Much like artists of any kind, be they authors or painters, programmers also have their very distinctive styles they code in. Apparently, the more skilled you are, the easier you become to identify, as your code work becomes more unique.
Rachel Greenstadt, associate professor of computer science at Drexel University, in partnership with Aylin Caliskan, assistant professor at George Washington University have managed to figure out how machine learning can be used to identify the authors of these codes.
Their work can be eventually used in settling plagiarism disputes as well as be a steady crutch to come in the aid of developers who open source their codes.
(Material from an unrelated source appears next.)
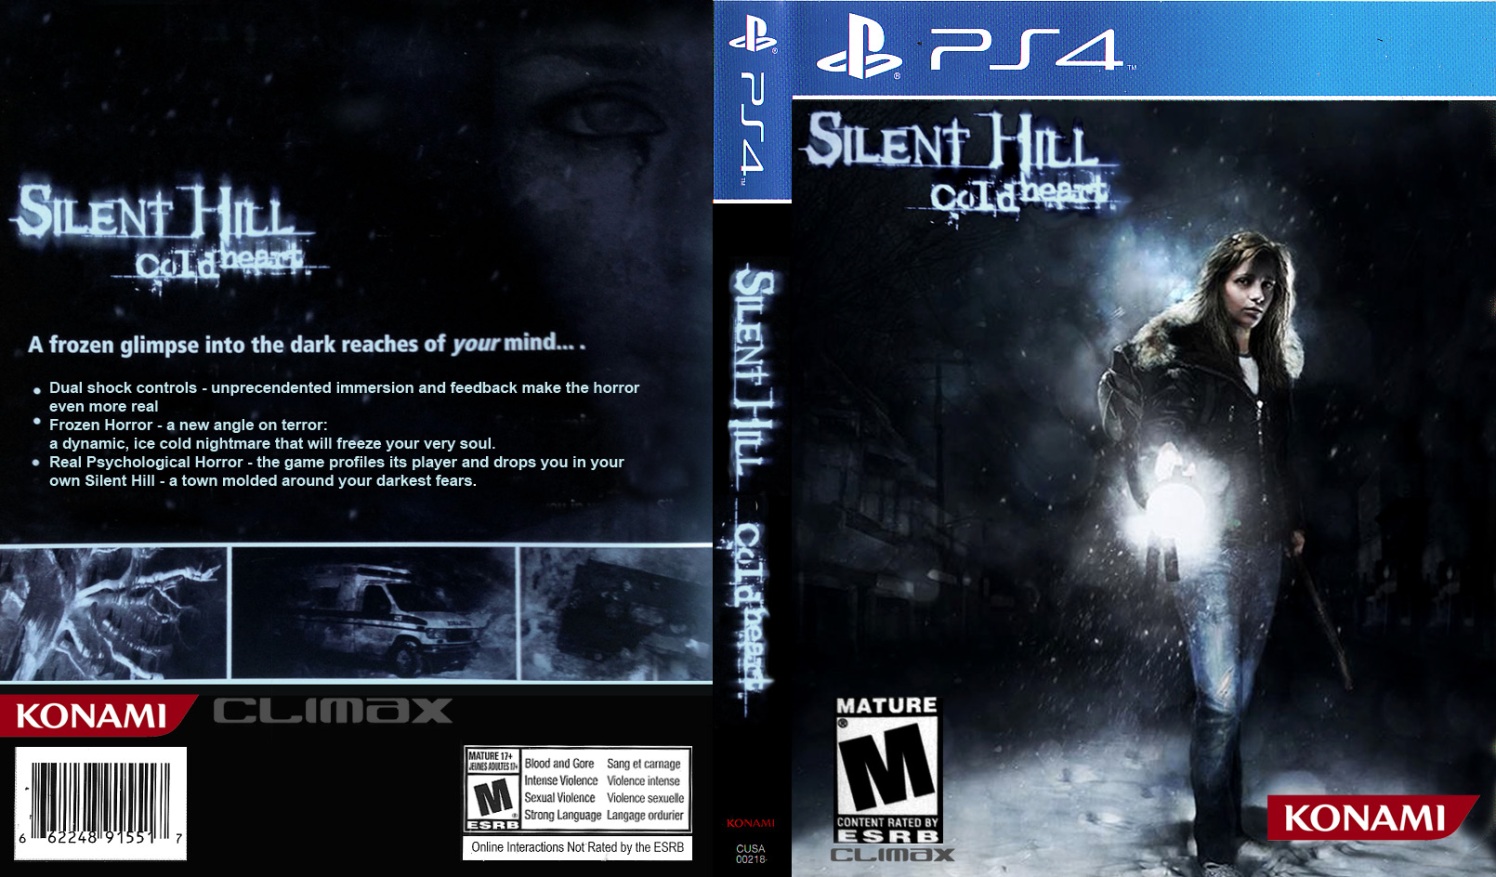 Silent Hill: Cold Heart - Climax Studios - Wii.
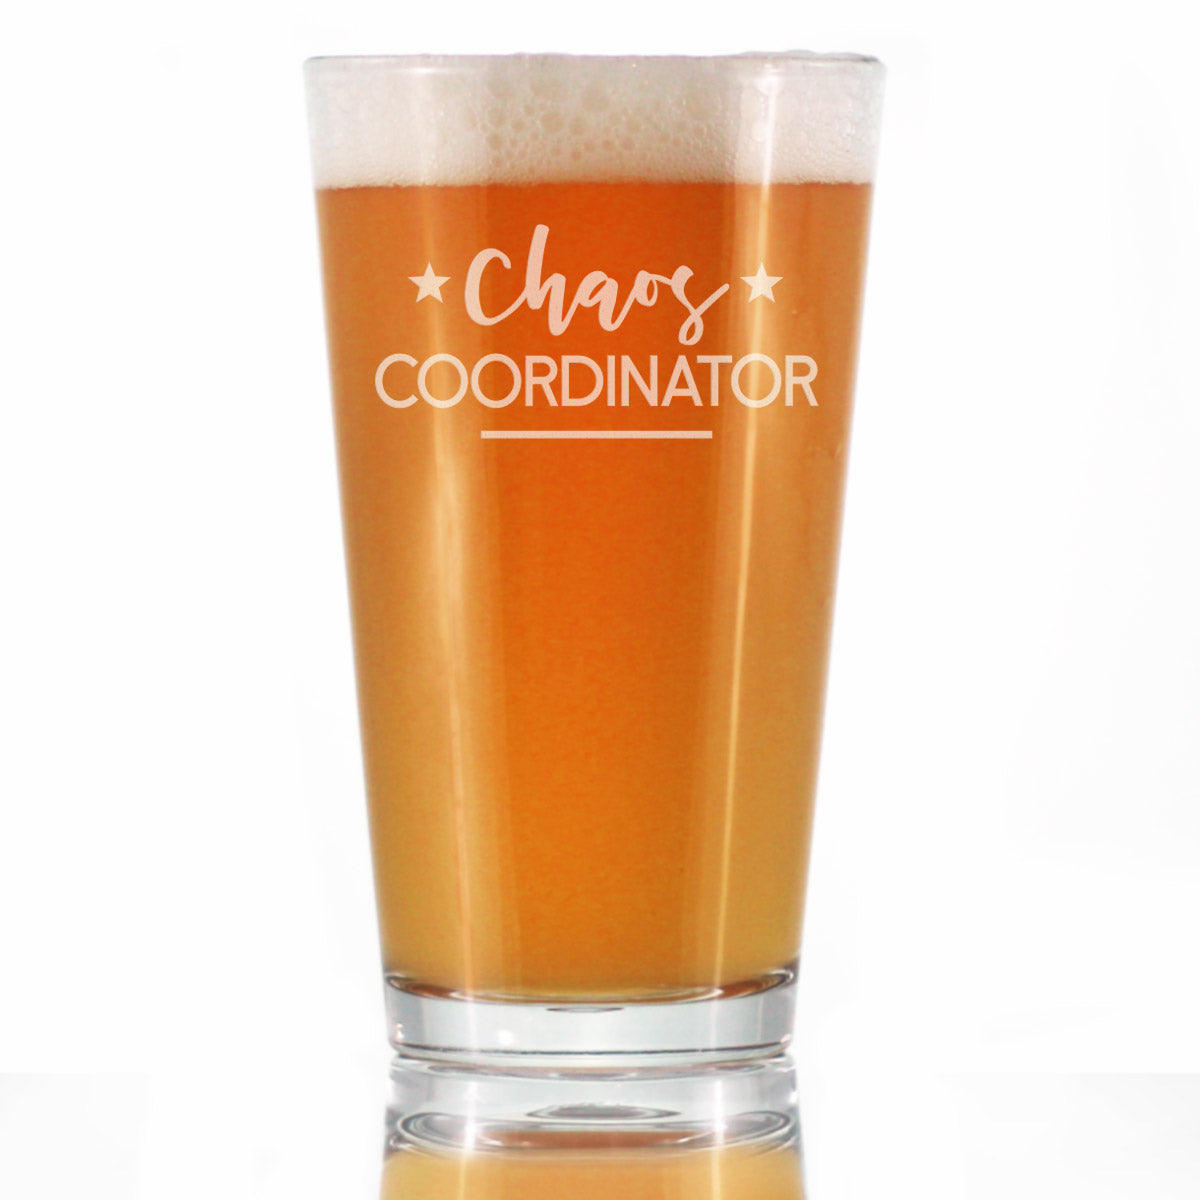 Chaos Coordinator - Pint Glass for Beer - Funny Gifts for Secretaries, Moms, and Teachers - 16 Oz Glasses

The cool thing about the algorithm they created is that it does not require large portions of code in order to give accurate results – a few snippets are enough. Around 600 programmers submitted their codes for testing, with 8 samples each and the system managed to correctly identify 83% of them.
Obviously, this system has pros and cons. While it can be useful at dispelling any plagiarism issues, determine if a developer broke an employment contract clause or find out who created a malware or another, the system can also be easily used to trace programmers who wish to remain anonymous. Such would be the case for programmers who operate in countries who are under dictatorships and come up with tools that circumvent censorship, to give an example.
However the system will be implemented though, let’s hope someone will come up with some regulations on how and when it will be used and most importantly, into whose hands it will be given.